Copy each line below as it stands, but skip any picture it contains.

START Data section

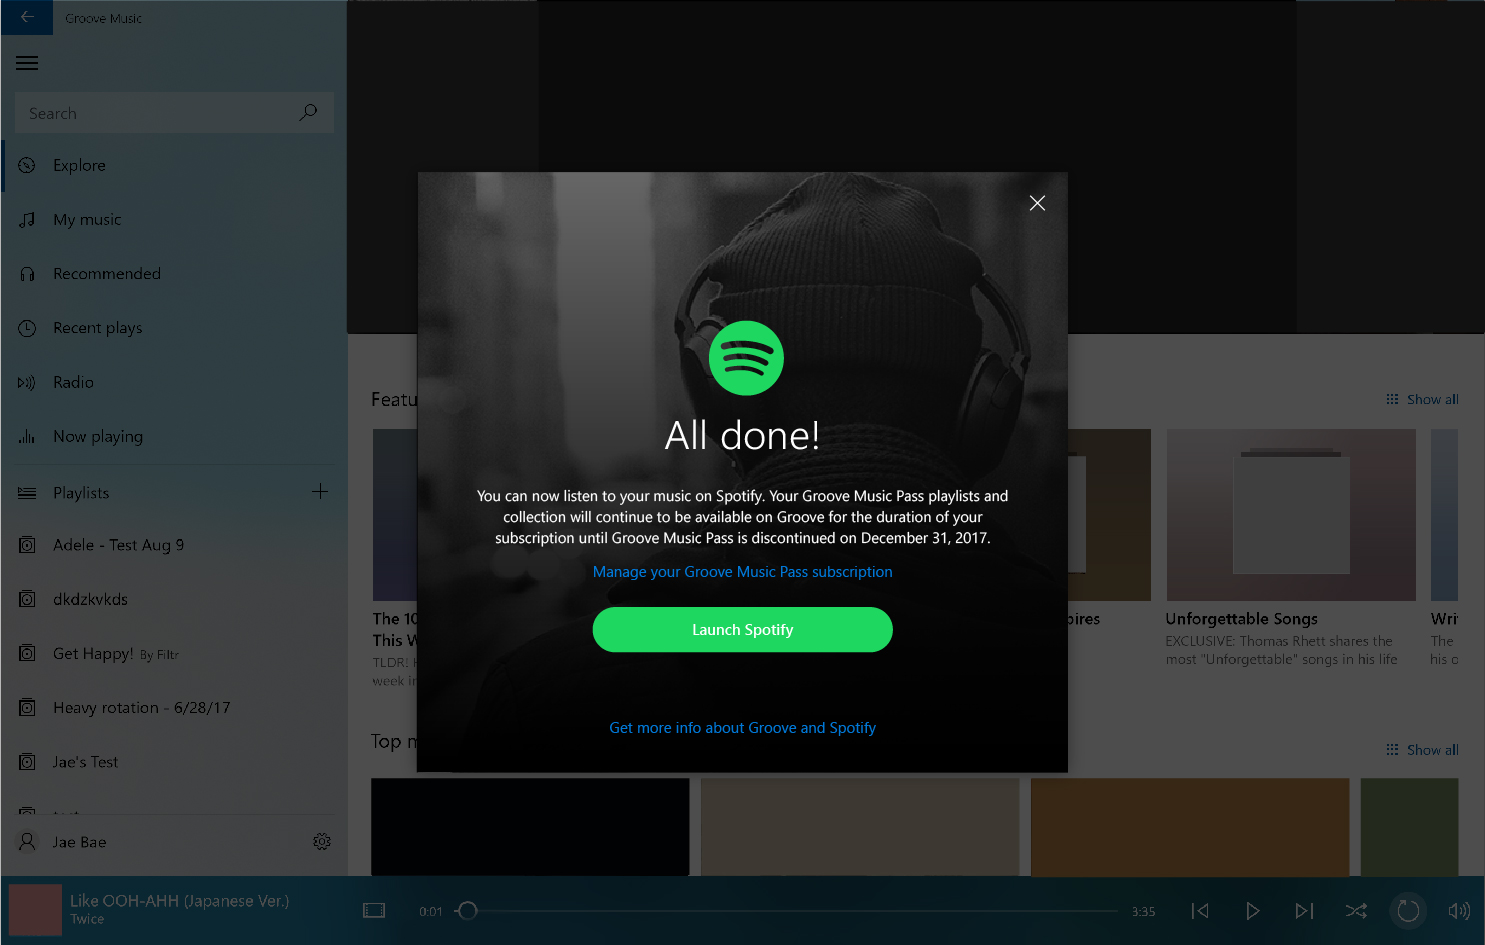 Cortana Suddenly Tries to Access Groove Music Instead of Spotify baf1e838c109b865374dbfbe71143d00.jpg
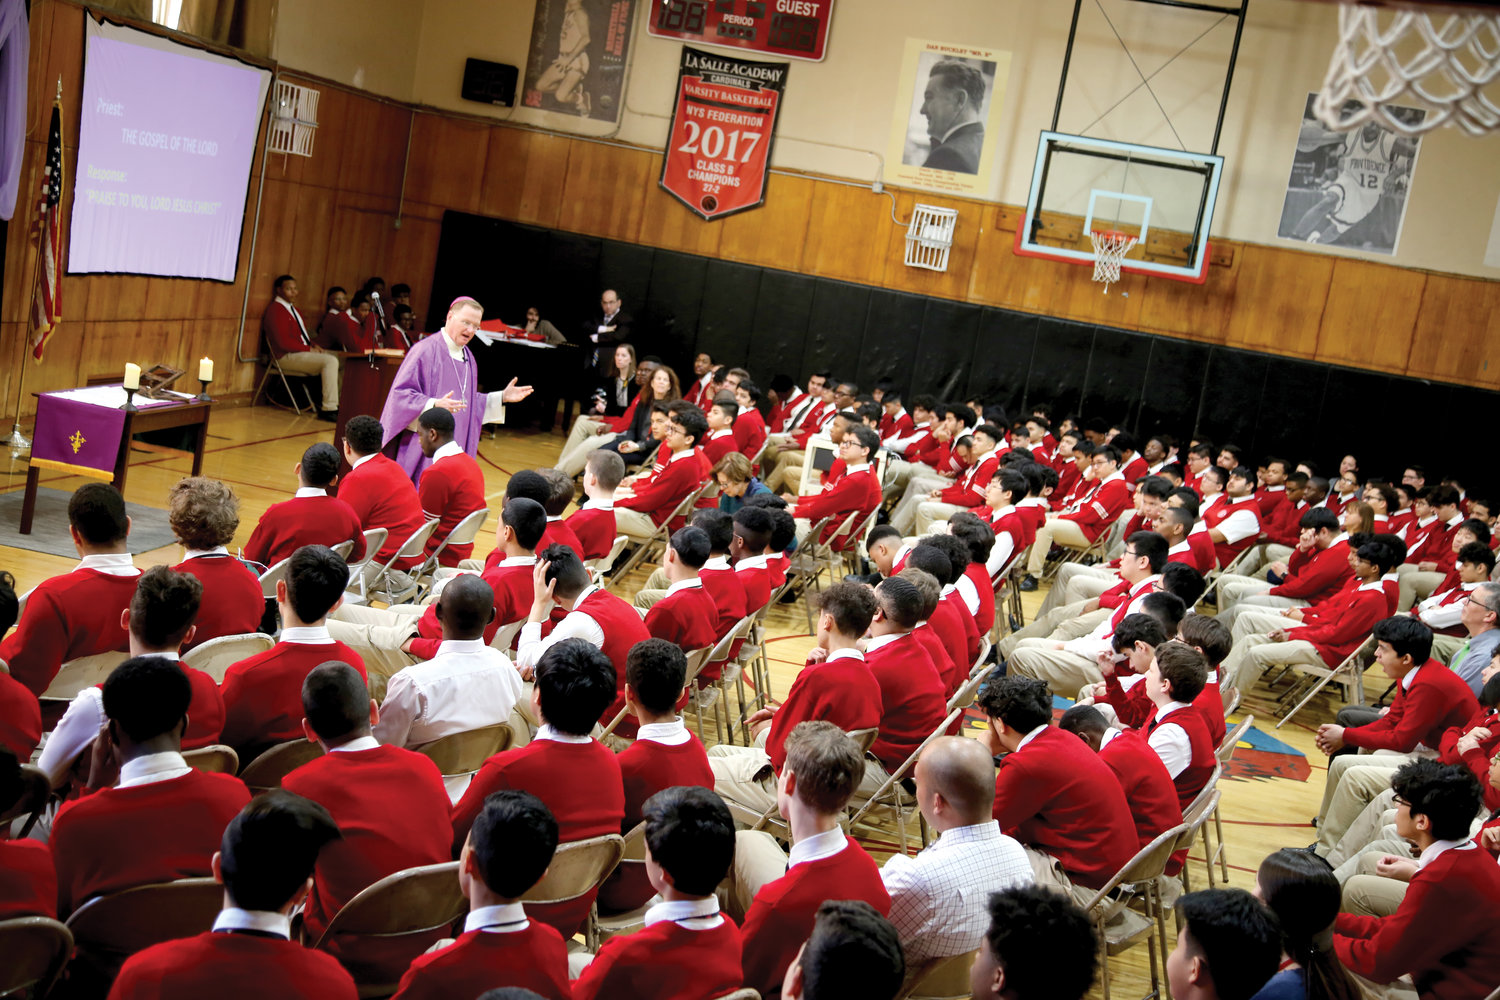 Auxiliary Bishop Edmund Whalen, vicar for clergy in the archdiocese, offers Mass March 2 at La Salle Academy, a boys’ high school in lower Manhattan.
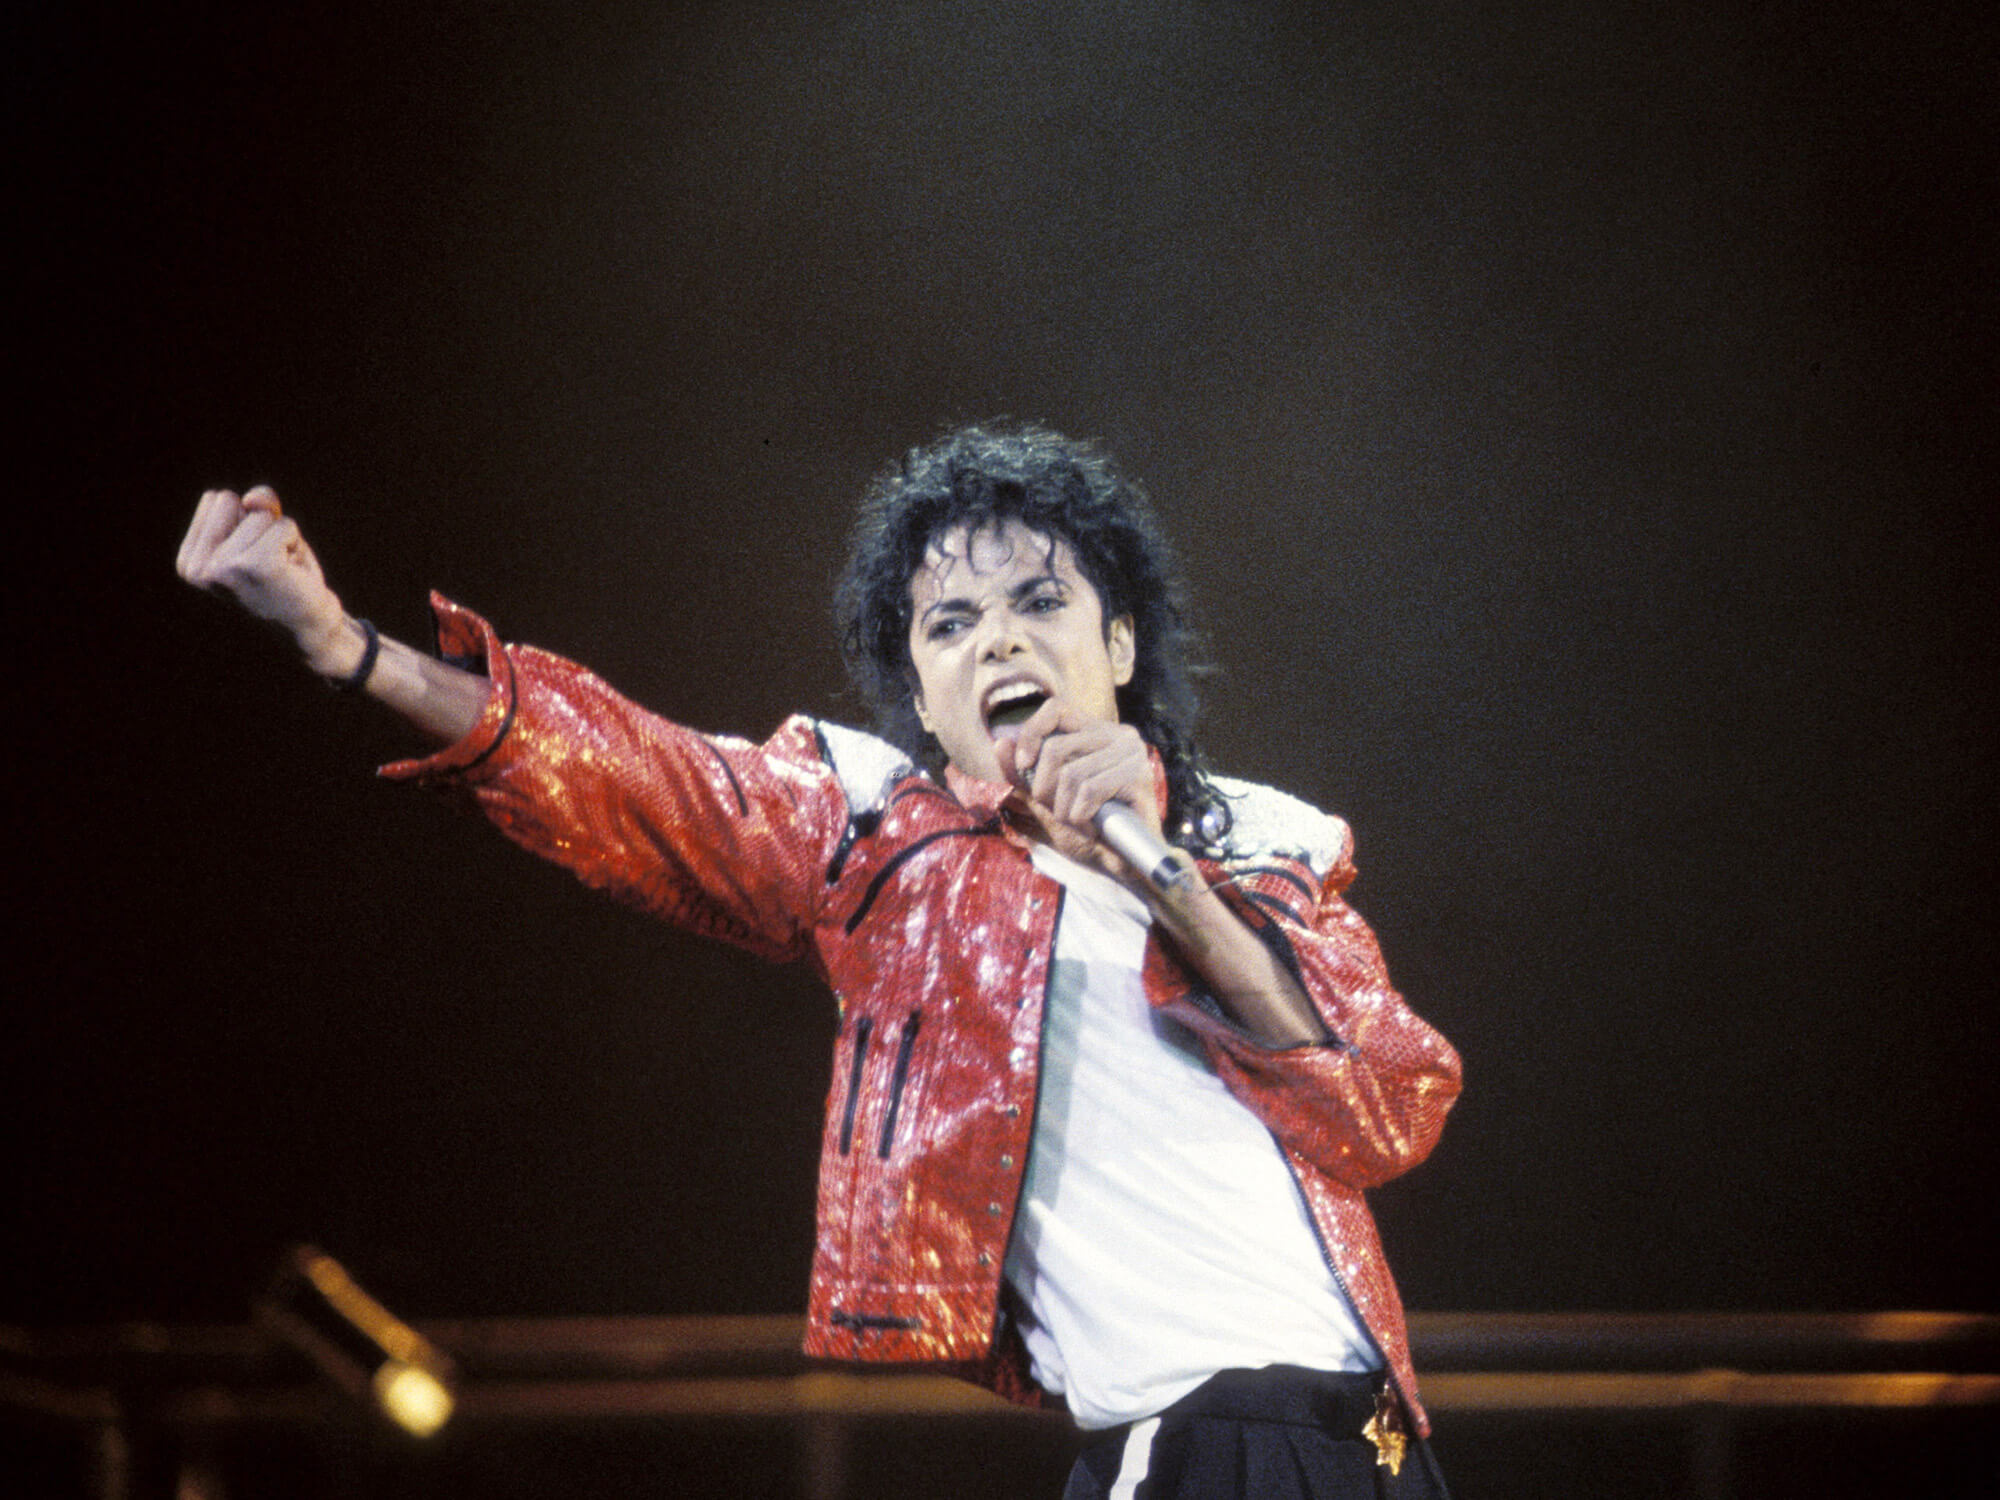 Michael Jackson in his famous bright red jacket. He is on stage, holding a mic in one hand and his other hand up in the air clenched in a fist as he is singing.

END Data section

■ **Solved exercise**
 Cortana Suddenly Tries to Access Groove Music Instead of Spotify baf1e838c109b865374dbfbe71143d00.jpg
 Auxiliary Bishop Edmund Whalen, vicar for clergy in the archdiocese, offers Mass March 2 at La Salle Academy, a boys’ high school in lower Manhattan.
 Michael Jackson in his famous bright red jacket. He is on stage, holding a mic in one hand and his other hand up in the air clenched in a fist as he is singing.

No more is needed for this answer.